→ TASK OBJECTIVE: Transcribe all the entries word for word, omitting any pictures they contain.

(DATASET begins)

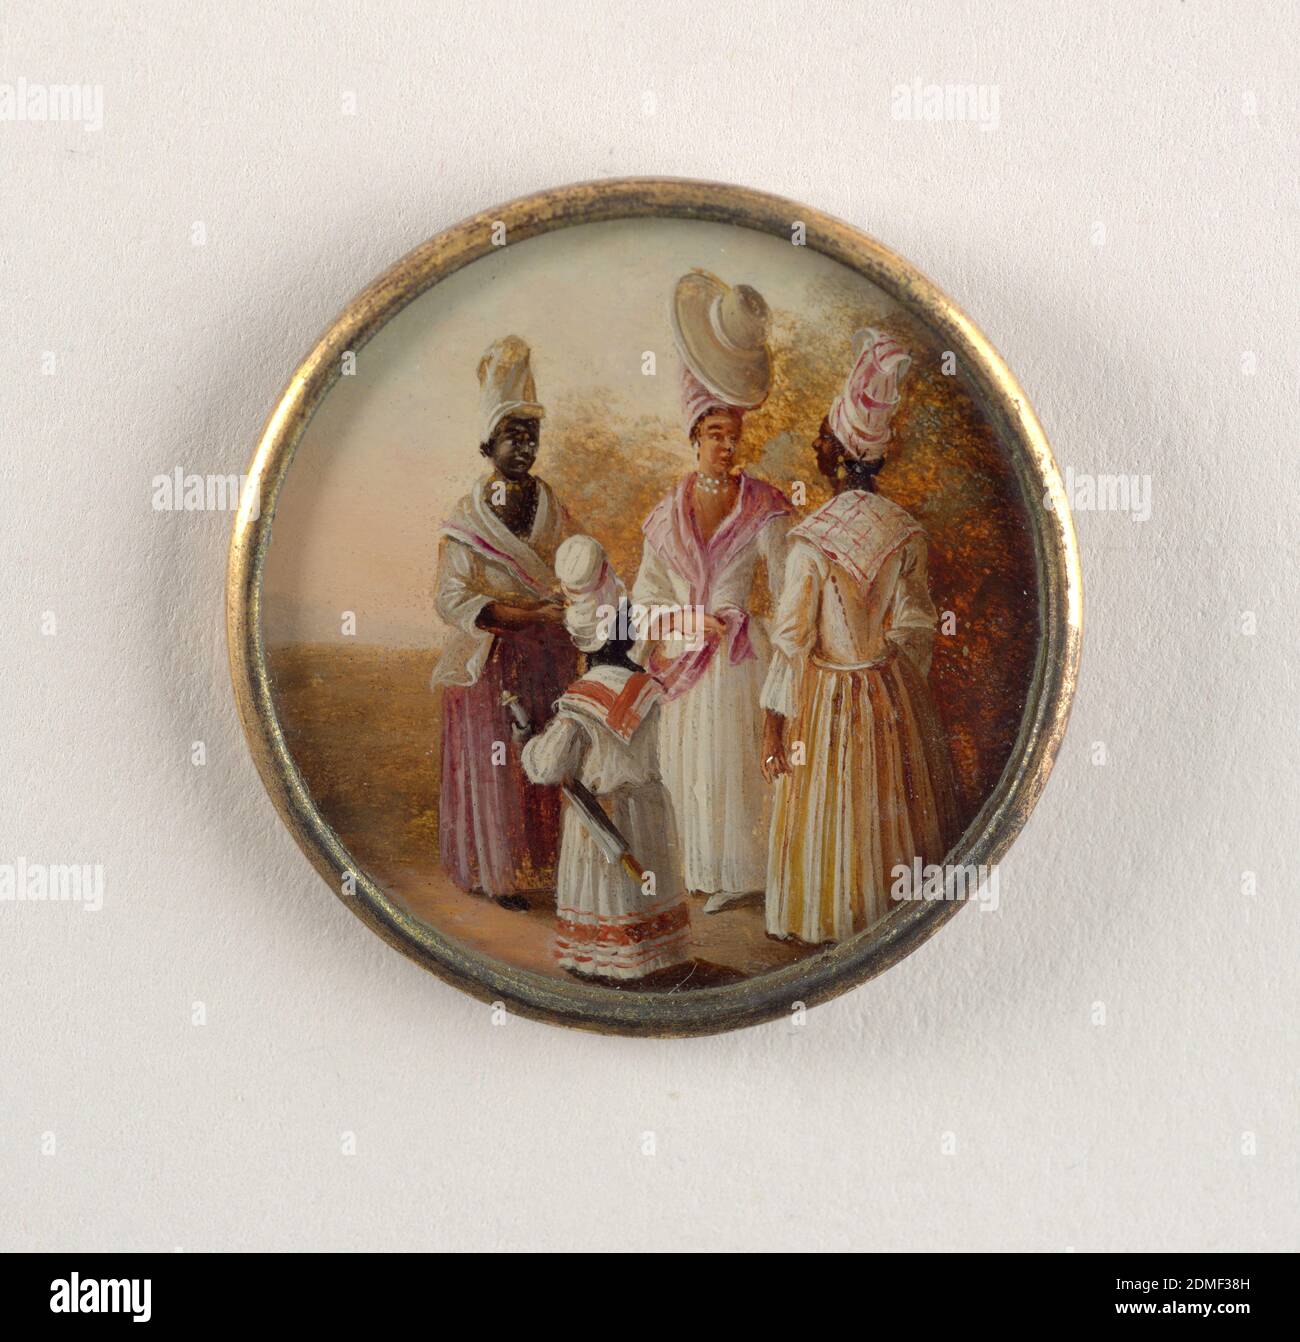 Button, Gouache paint on tin verre fixé, ivory (backing), glass, gilt metal, Button depicting scene of four figures in a landscape. Three women and a child wearing dresses. At center a light-skinned woman in jewelry and large turban topped with a sunhat., late 18th century, costume & accessories, Decorative Arts, Button Stock Photo
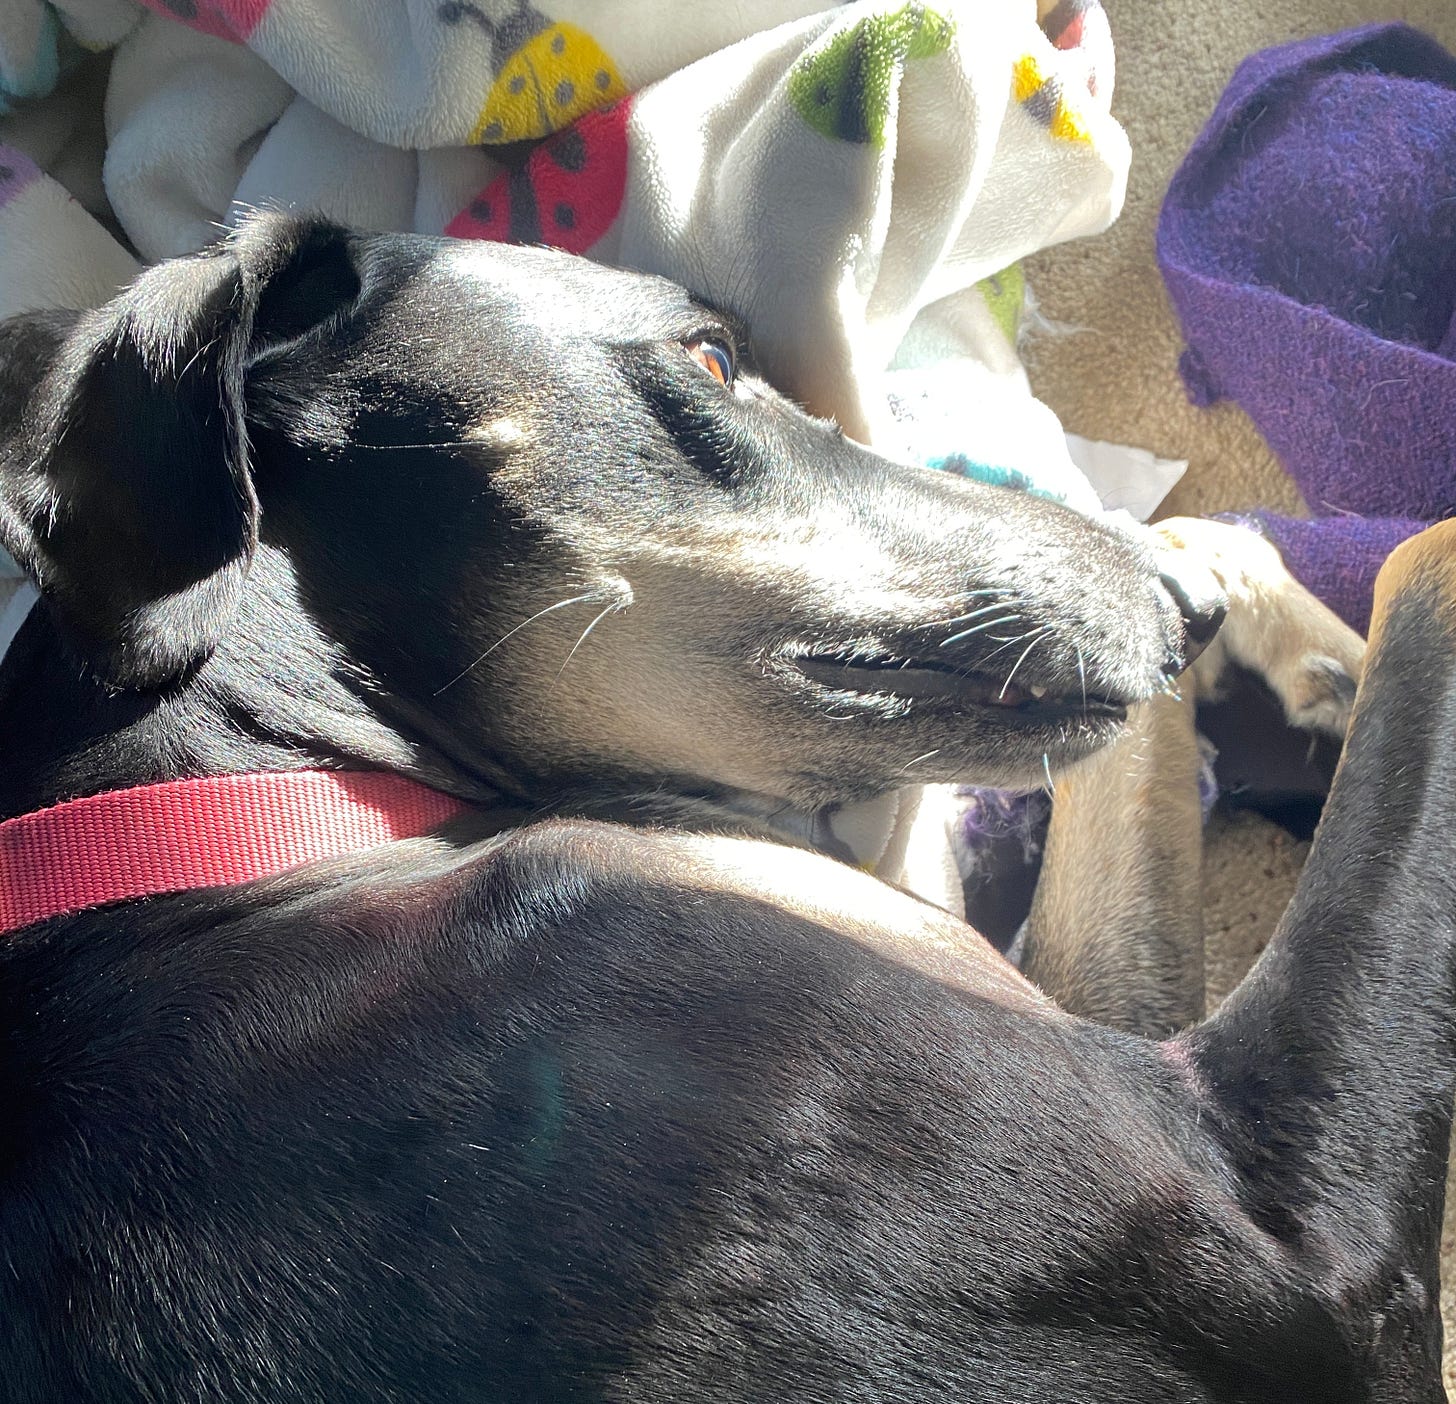 A black dog's head lies in the sunlight
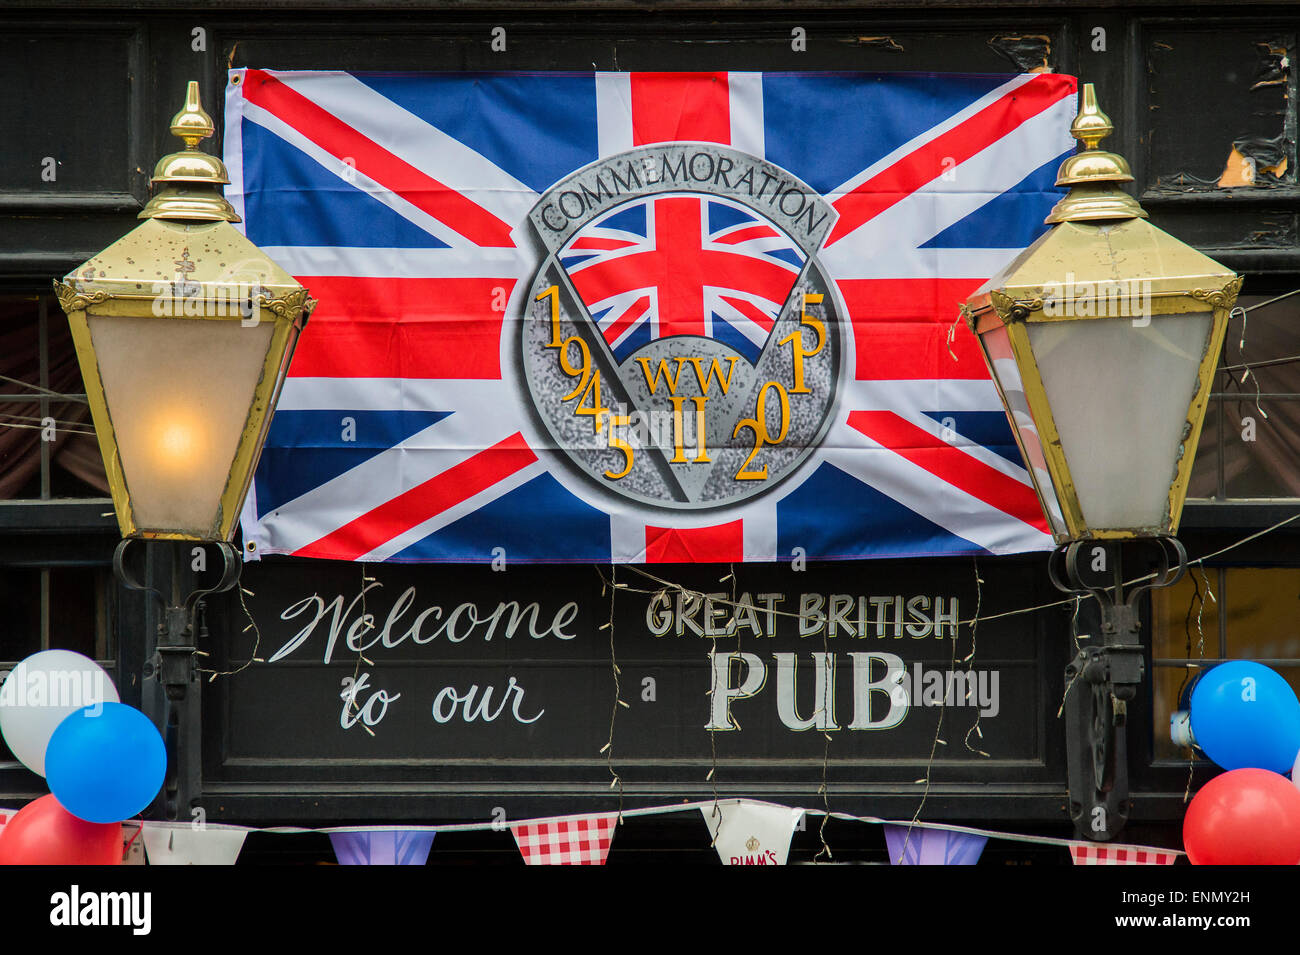 London, UK. 8th May, 2015. A Whitehall pub gets n the spirit. VE Day 70 commemorations - Three days of events in London and across the UK marking historic anniversary of end of the Second World War in Europe. Trafalgar Square, scene of jubilant celebrations marking the end of the Second World War in Europe on 8 May 1945, plays a central part in a host of national events, which include a Service of Remembrance at the Cenotaph, a concert in Horse Guards Parade, a Service of Thanksgiving at Westminster Abbey, a parade of Service personnel and veterans and a flypast. Credit:  Guy Bell/Alamy Live N Stock Photo
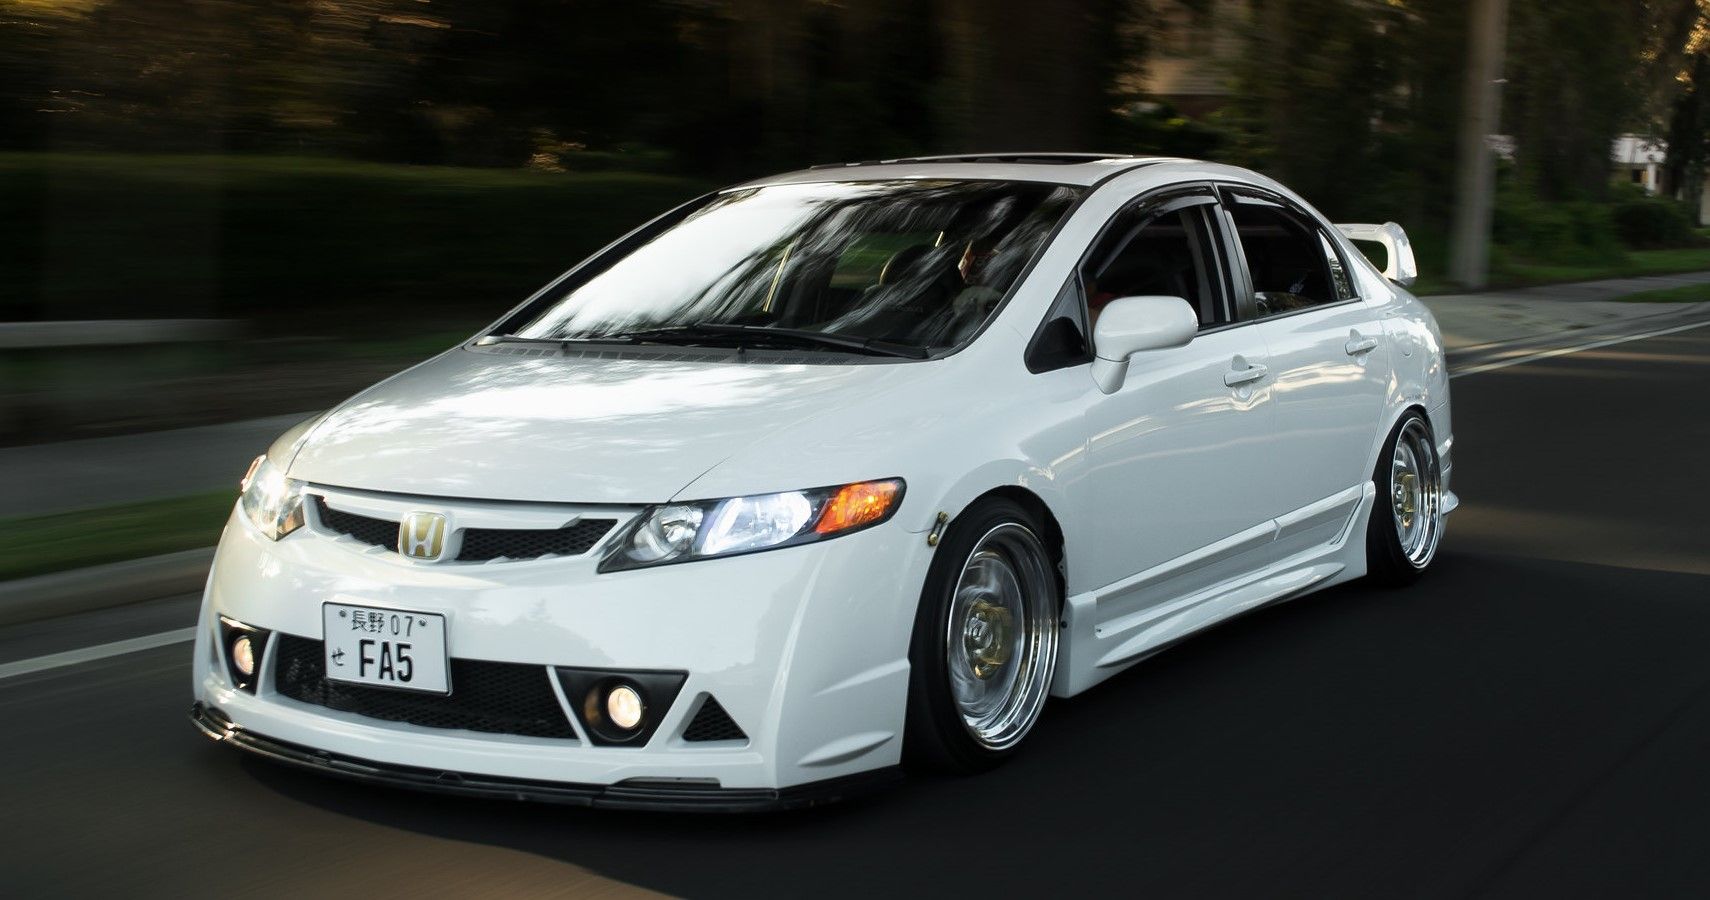 Stanced Honda Civic on the road front third quarter view
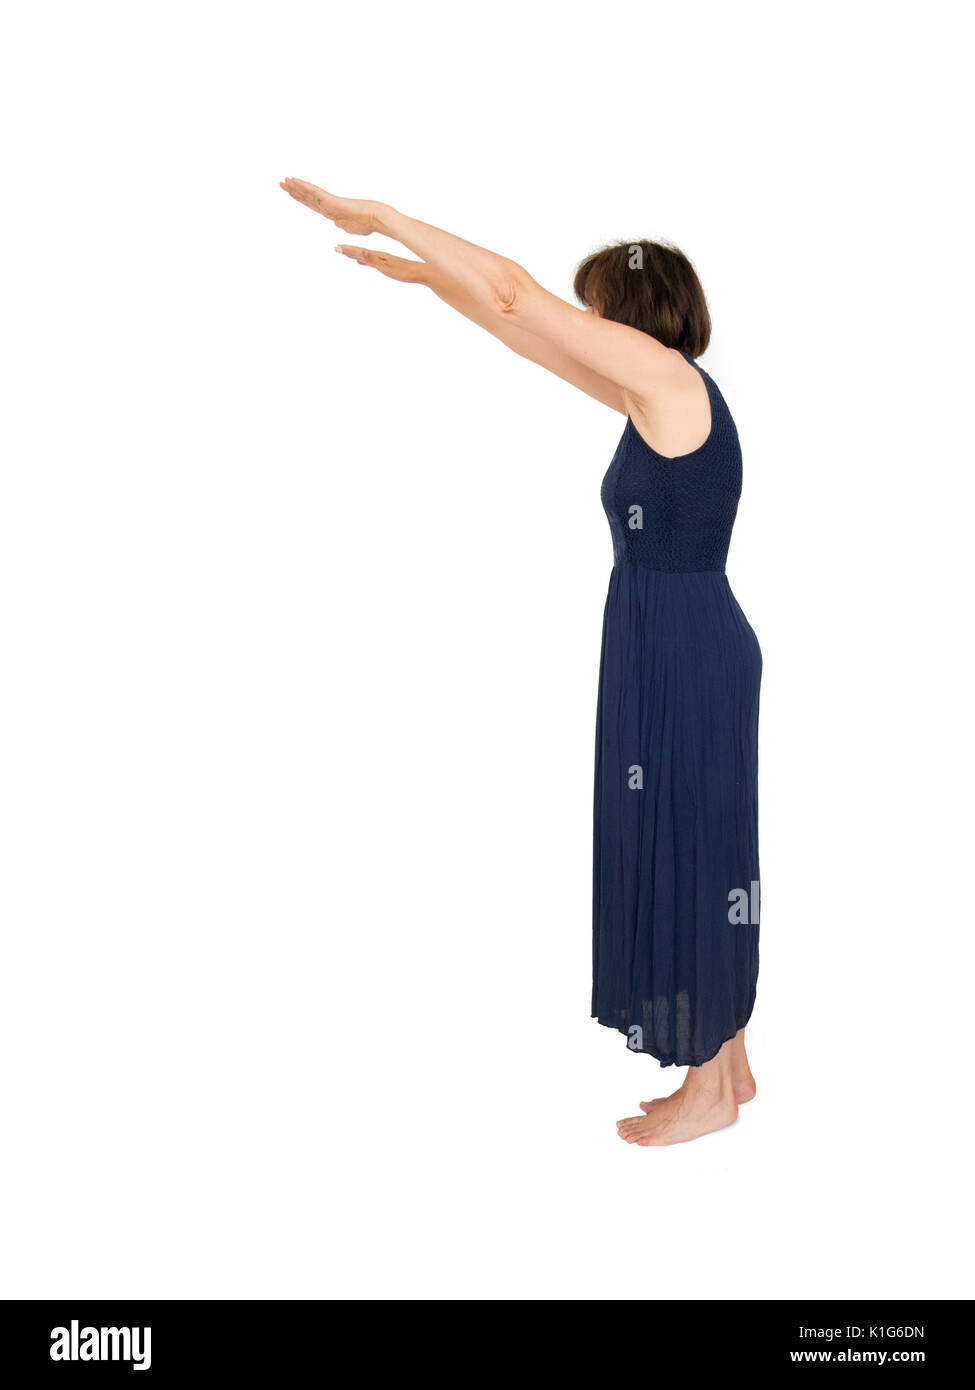 Mature lady with outstretched arms on white. Stretching, exercise maybe. Stock Photo

(DATASET ends)

→ PROBLEM SOLUTION:
 Button, Gouache paint on tin verre fixé, ivory (backing), glass, gilt metal, Button depicting scene of four figures in a landscape. Three women and a child wearing dresses. At center a light-skinned woman in jewelry and large turban topped with a sunhat., late 18th century, costume & accessories, Decorative Arts, Button Stock Photo
 A black dog's head lies in the sunlight
 London, UK. 8th May, 2015. A Whitehall pub gets n the spirit. VE Day 70 commemorations - Three days of events in London and across the UK marking historic anniversary of end of the Second World War in Europe. Trafalgar Square, scene of jubilant celebrations marking the end of the Second World War in Europe on 8 May 1945, plays a central part in a host of national events, which include a Service of Remembrance at the Cenotaph, a concert in Horse Guards Parade, a Service of Thanksgiving at Westminster Abbey, a parade of Service personnel and veterans and a flypast. Credit:  Guy Bell/Alamy Live N Stock Photo
 Stanced Honda Civic on the road front third quarter view
 Mature lady with outstretched arms on white. Stretching, exercise maybe. Stock Photo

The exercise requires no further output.